- WORK INSTRUCTIONS -
Each and every line below goes into your answer unchanged, but leave out the images.

- SOURCE MATERIAL -

((

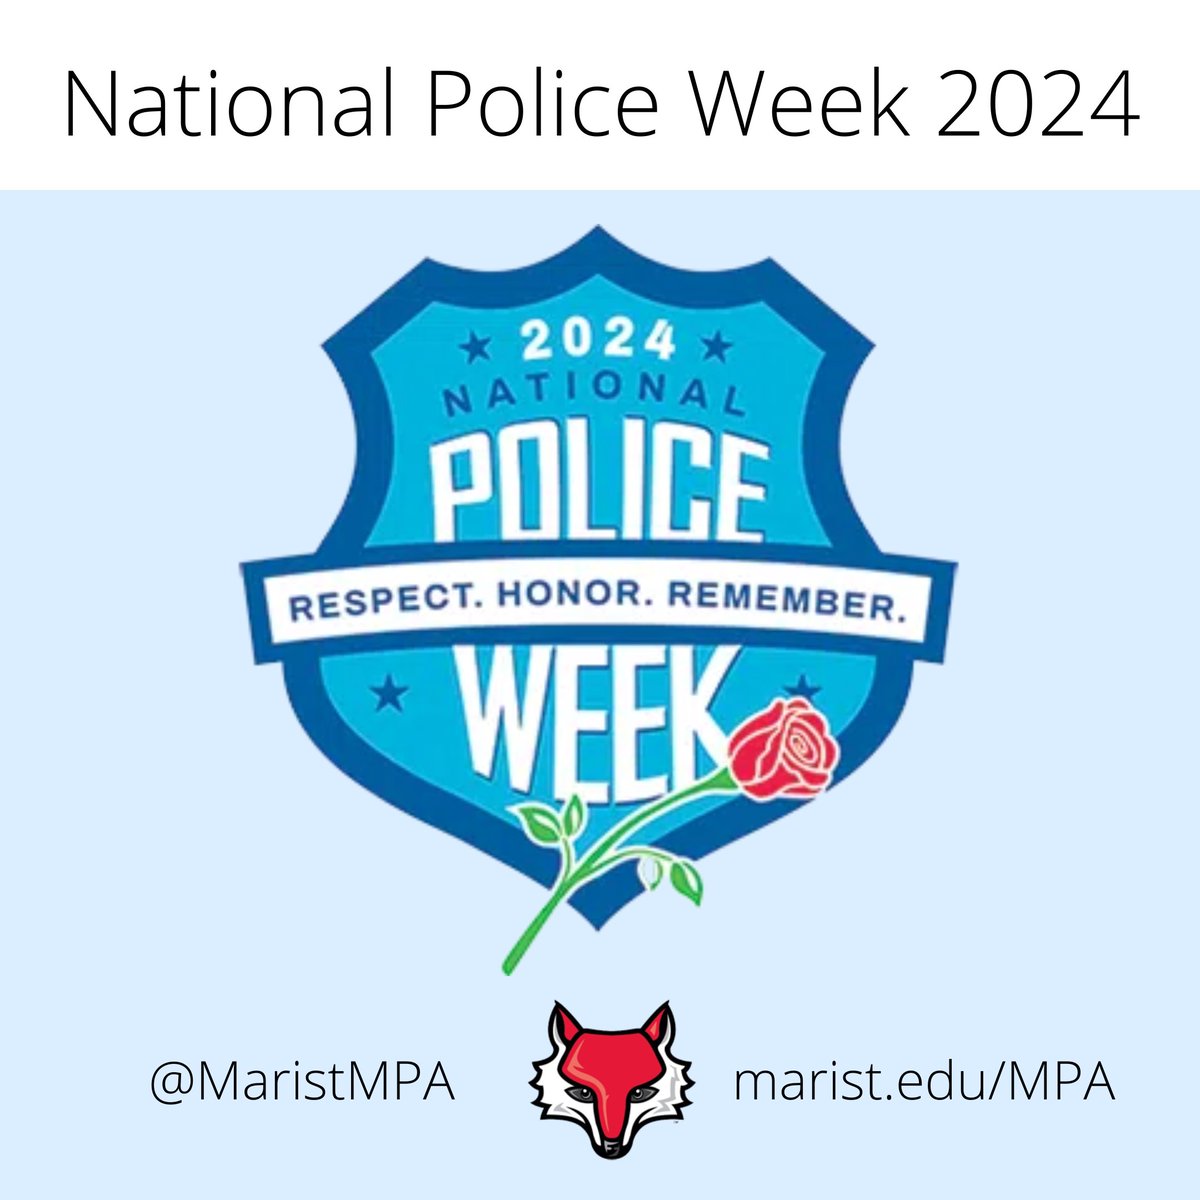 The Marist MPA program recognizes our many students and alumni who serve in sworn law enforcement positions for National Police Week 2024. Their work is essential in keeping our communities safe. #NationalPoliceWeek2024
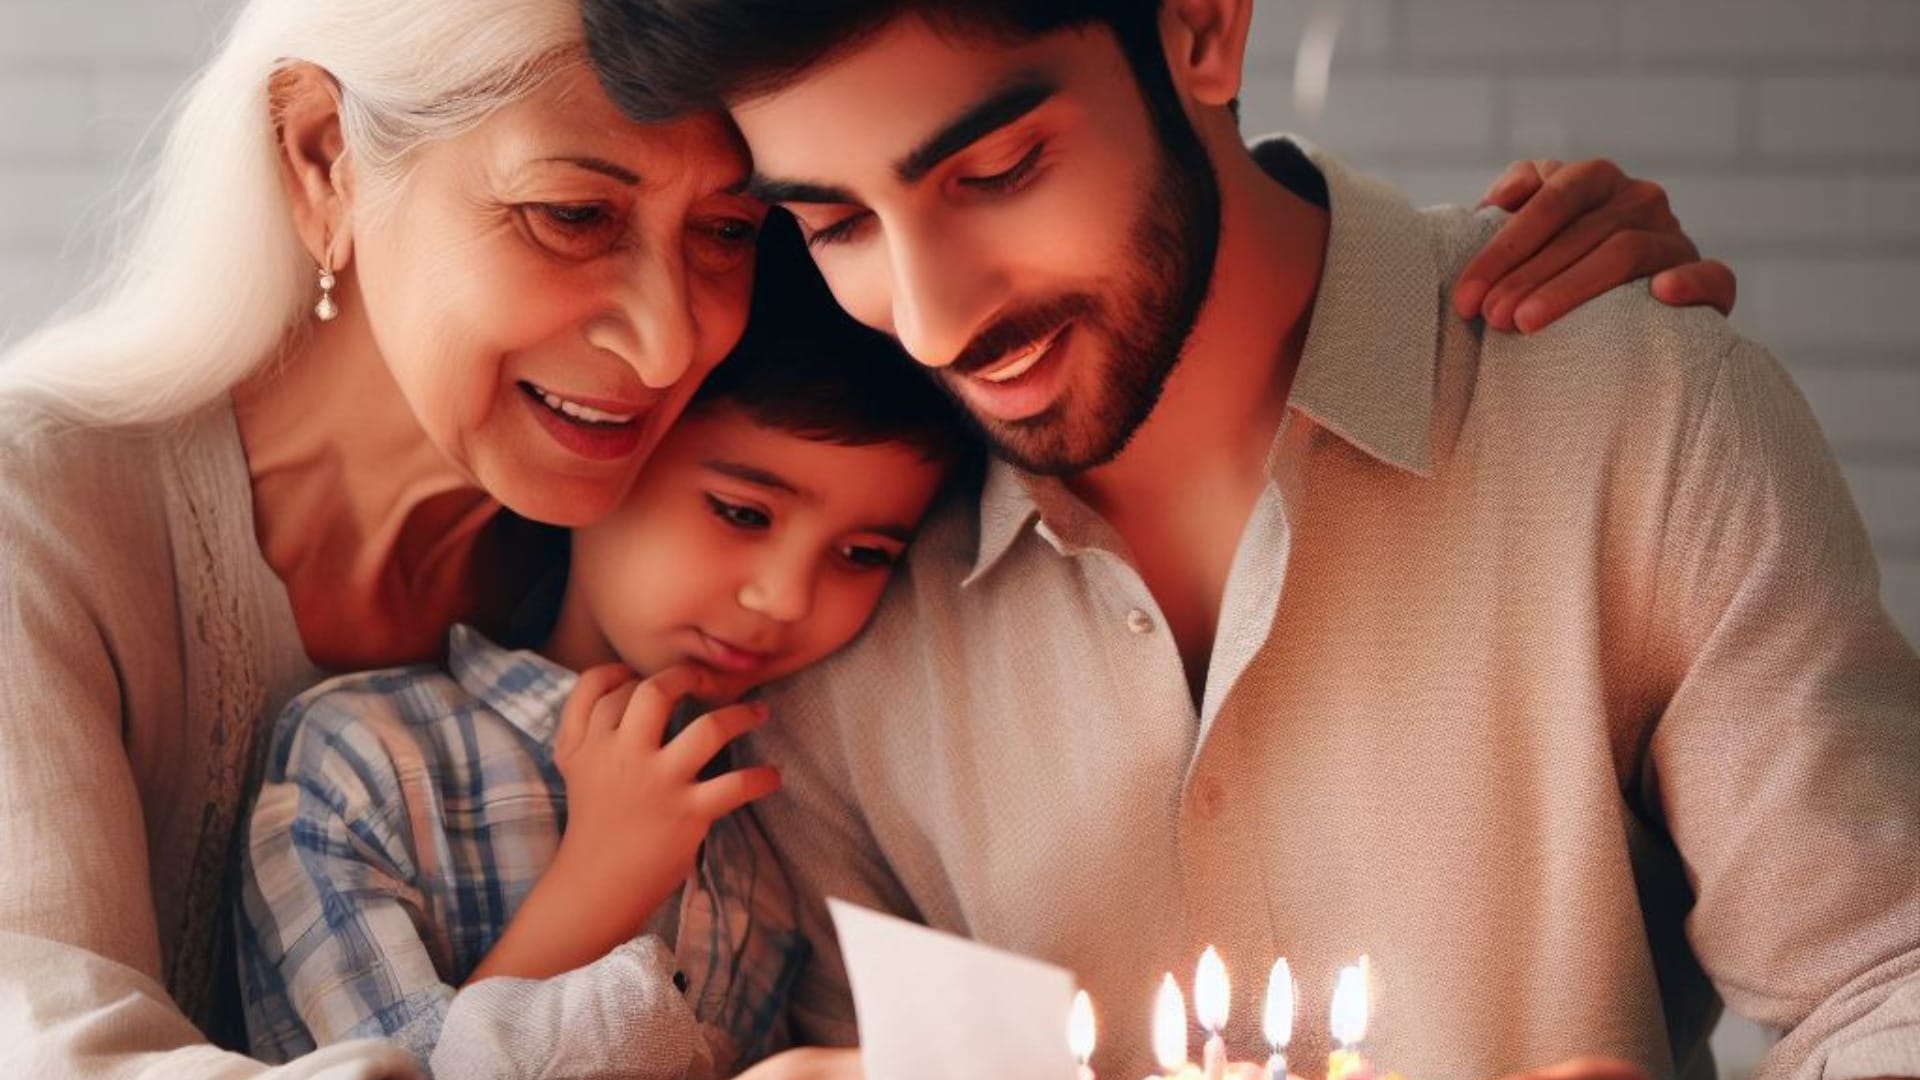 A touching birthday celebration captured in a photo, featuring a parent and their son sharing a heartfelt moment as they read or exchange warm birthday wishes. The genuine connection and love between them are beautifully portrayed in this special image.
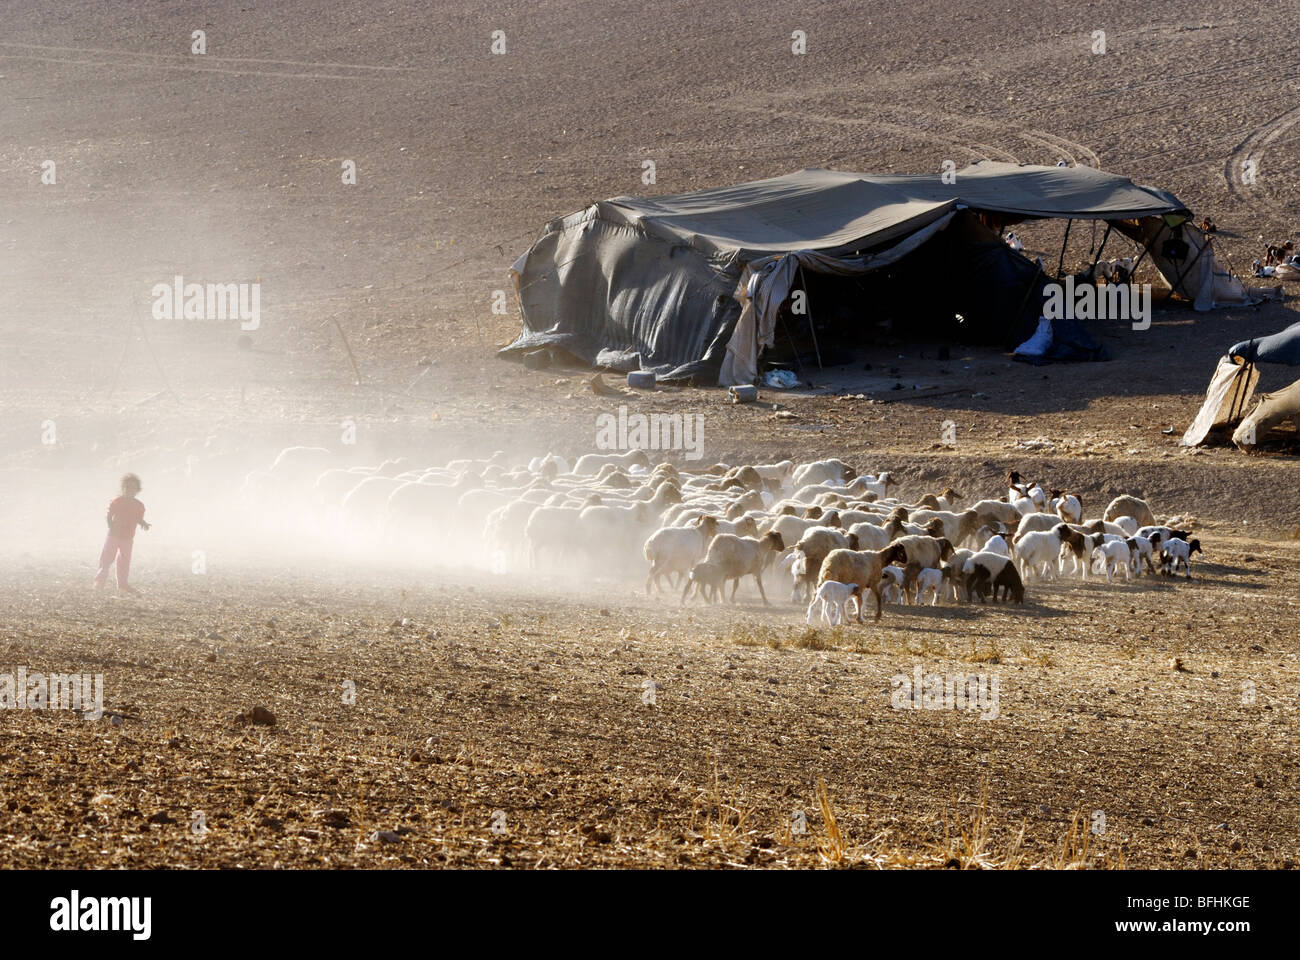 Israel, Negev Desert, Bedouin tent surrounded by a herd of sheep Stock Photo
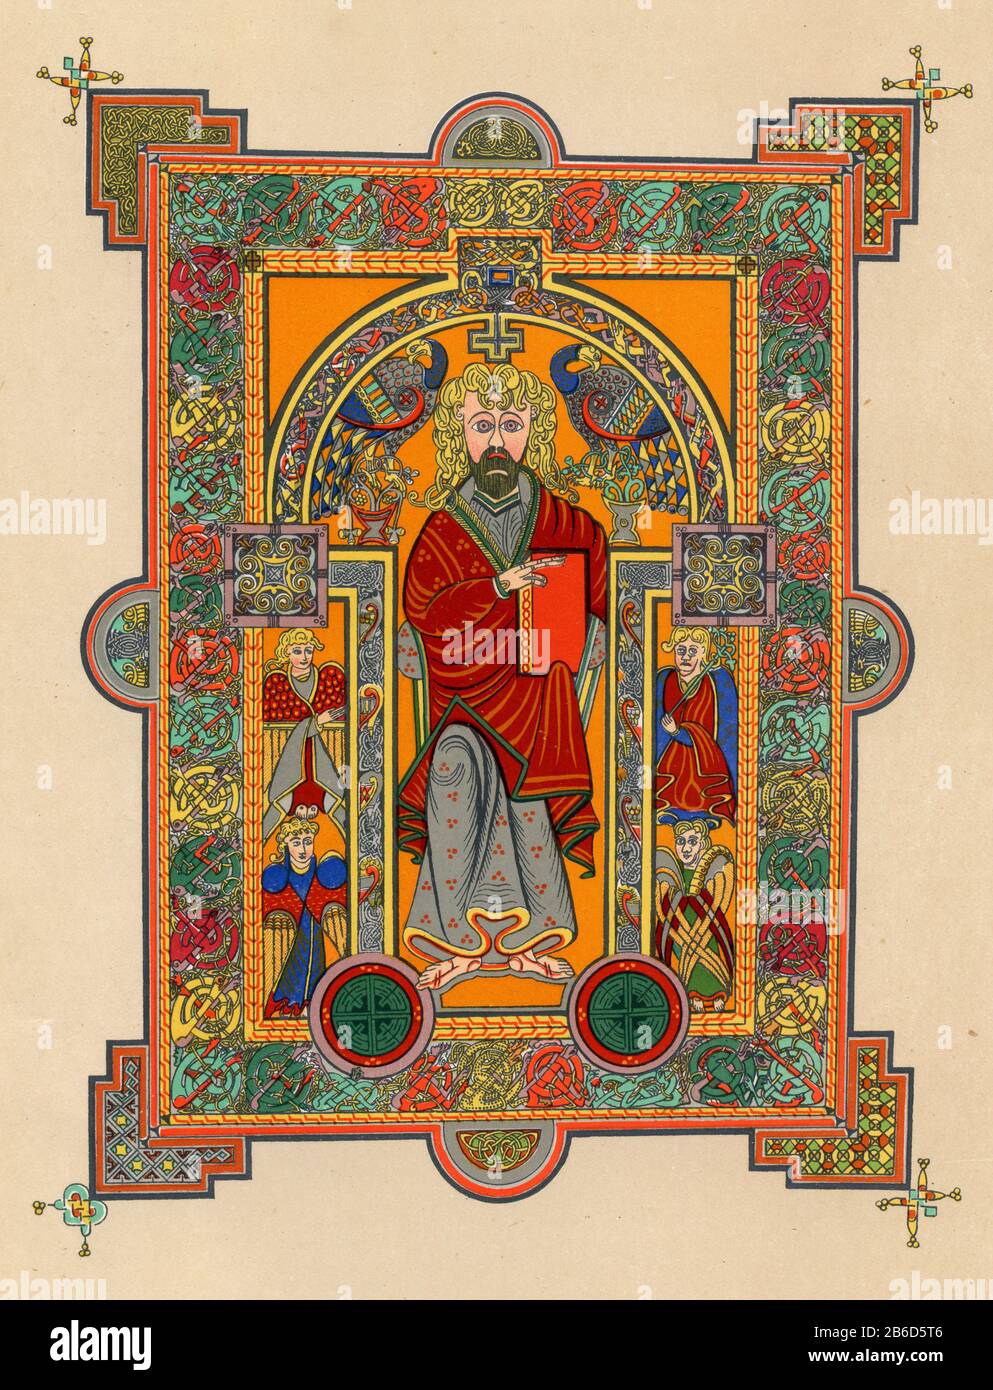 The Book of Kells: Christ holding a Gospel book, c800. Here we see Christ seated on a throne, flanked by peacocks, symbols of his resurrection due to the belief that their flesh did not rot. Stock Photo

))

- RESPONSE AREA -
 The Marist MPA program recognizes our many students and alumni who serve in sworn law enforcement positions for National Police Week 2024. Their work is essential in keeping our communities safe. #NationalPoliceWeek2024
 A touching birthday celebration captured in a photo, featuring a parent and their son sharing a heartfelt moment as they read or exchange warm birthday wishes. The genuine connection and love between them are beautifully portrayed in this special image.
 Israel, Negev Desert, Bedouin tent surrounded by a herd of sheep Stock Photo
 The Book of Kells: Christ holding a Gospel book, c800. Here we see Christ seated on a throne, flanked by peacocks, symbols of his resurrection due to the belief that their flesh did not rot. Stock Photo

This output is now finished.